Losses down and wheels up.

First, people often think of data as a static thing, and they have a point. Data literally means “that which is given”. (Hat tip to Ben Recht! ) For most ML people, they download a PyTorch dataloader, and that’s where ML begins: losses down, wheels up, and the data was a mere accessory.

But to an engineer in the wild, the training data was never “that which is given”. It was the result of a process-usually a dirty, messy process not worth bragging about.

An engineer and their training data.

Still, there was hope. This was a process and therefore could be engineered and programmed. In applications, we took time to clean and merge data. We engineered it. We began to talk about how AI and ML systems were driven by this data, how they were programmed by this data. This led to understandably (obtuse) names like “data programming”.

Living in the data sewers can make you pretty uncomfortable.
Josh Wills

Second, this pitch was not only heretical—but annoying to our friends in ML (and even to us). Channeling the great Josh Wills, this pitch was bound to be hated by ML researchers because “we were eating their dessert”. Many ML researchers (ourselves included) love to write models—it is dessert.
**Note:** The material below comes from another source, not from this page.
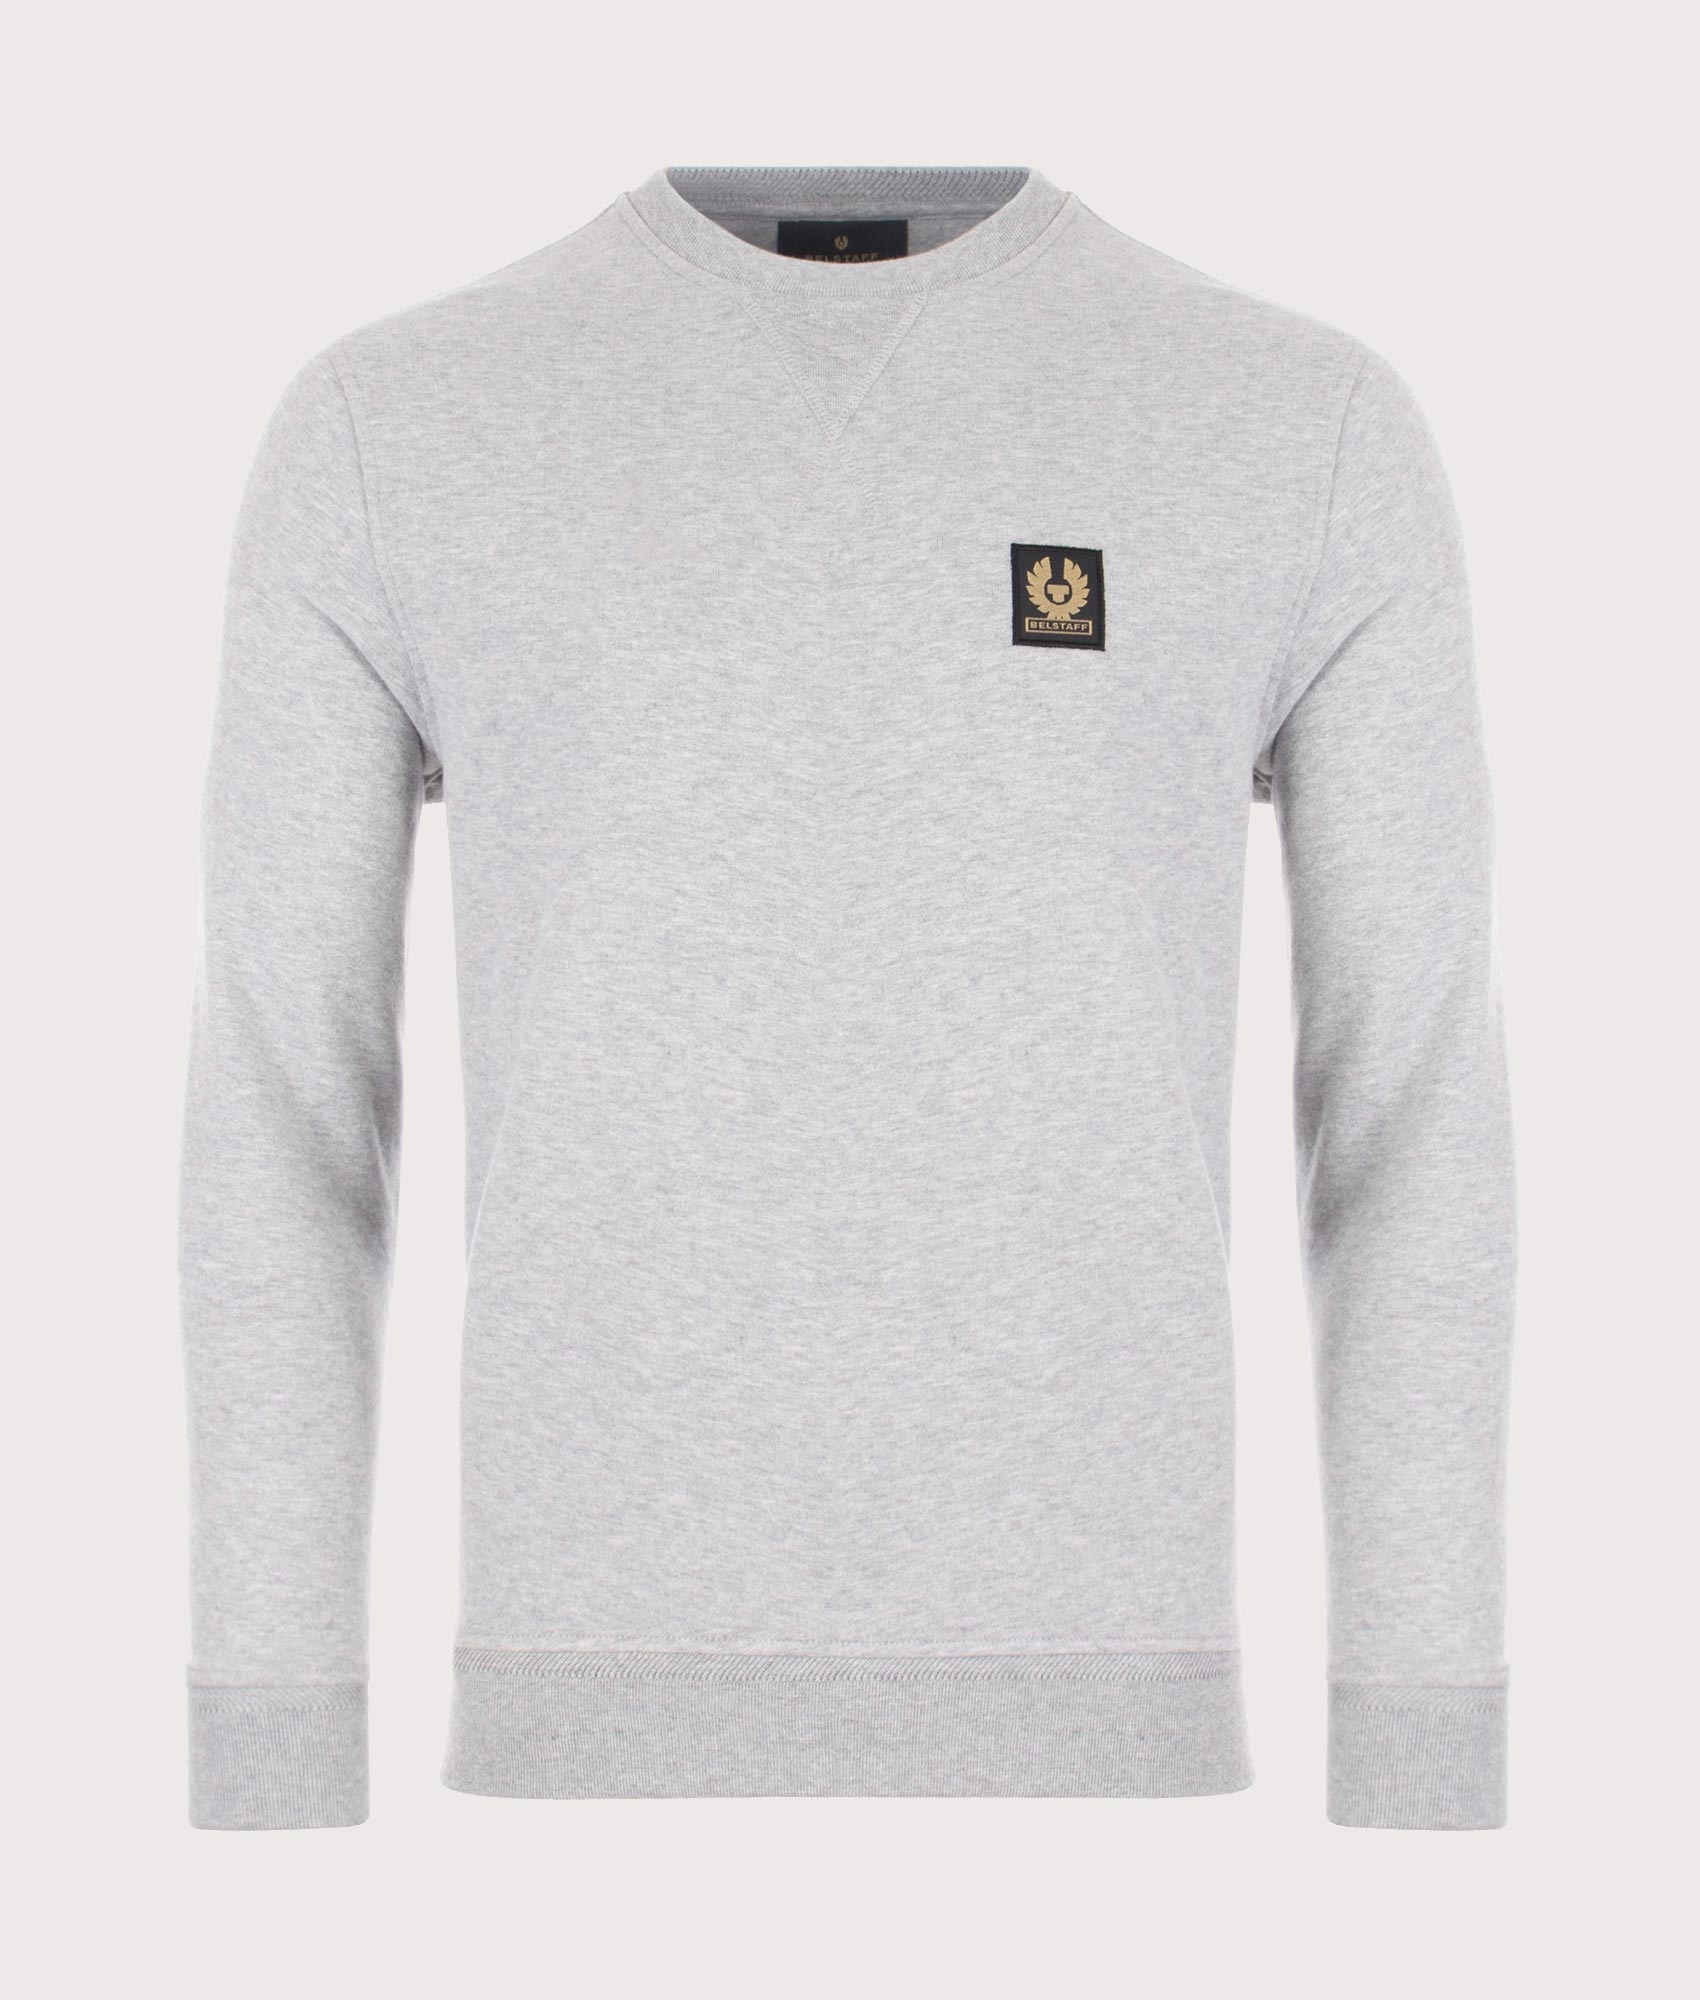 Belstaff Mens Belstaff Sweatshirt - Colour: 90015 Grey Melange - Size: Medium

If you haven’t had the joy of writing a PyTorch model, you’re missing out! Jax is pretty awesome too. When PyTorch came out, it was rumored to improve your skin and your eyesight.

Researchers needed to embrace their inner-plumber.

Unfortunately, we were telling people to put on galoshes, jump into the sewer that is your data, and splash around. Not an easy sales pitch for researchers used to life in beautiful PyTorch land.

Writing a new model is a beautiful refuge to hide from the mess of understanding real problems.

We started to recognize that new-model-itis is a real disease. With some friends at Apple, we realized that teams would often spend time writing new models instead of understanding their problem—and its expression in data—more deeply. Writing a new model was a beautiful refuge to hide from the mess of understanding the real problems. We weren’t the only ones thinking this way, lots of no-code AI folks like Ludwig, H2O, DataRobot were too. We began to argue that this aversion to data didn’t really lead to a great use of time.

Running backprop is an awesome feeling.
Backprop hasn’t been too friendly to self-driving cars.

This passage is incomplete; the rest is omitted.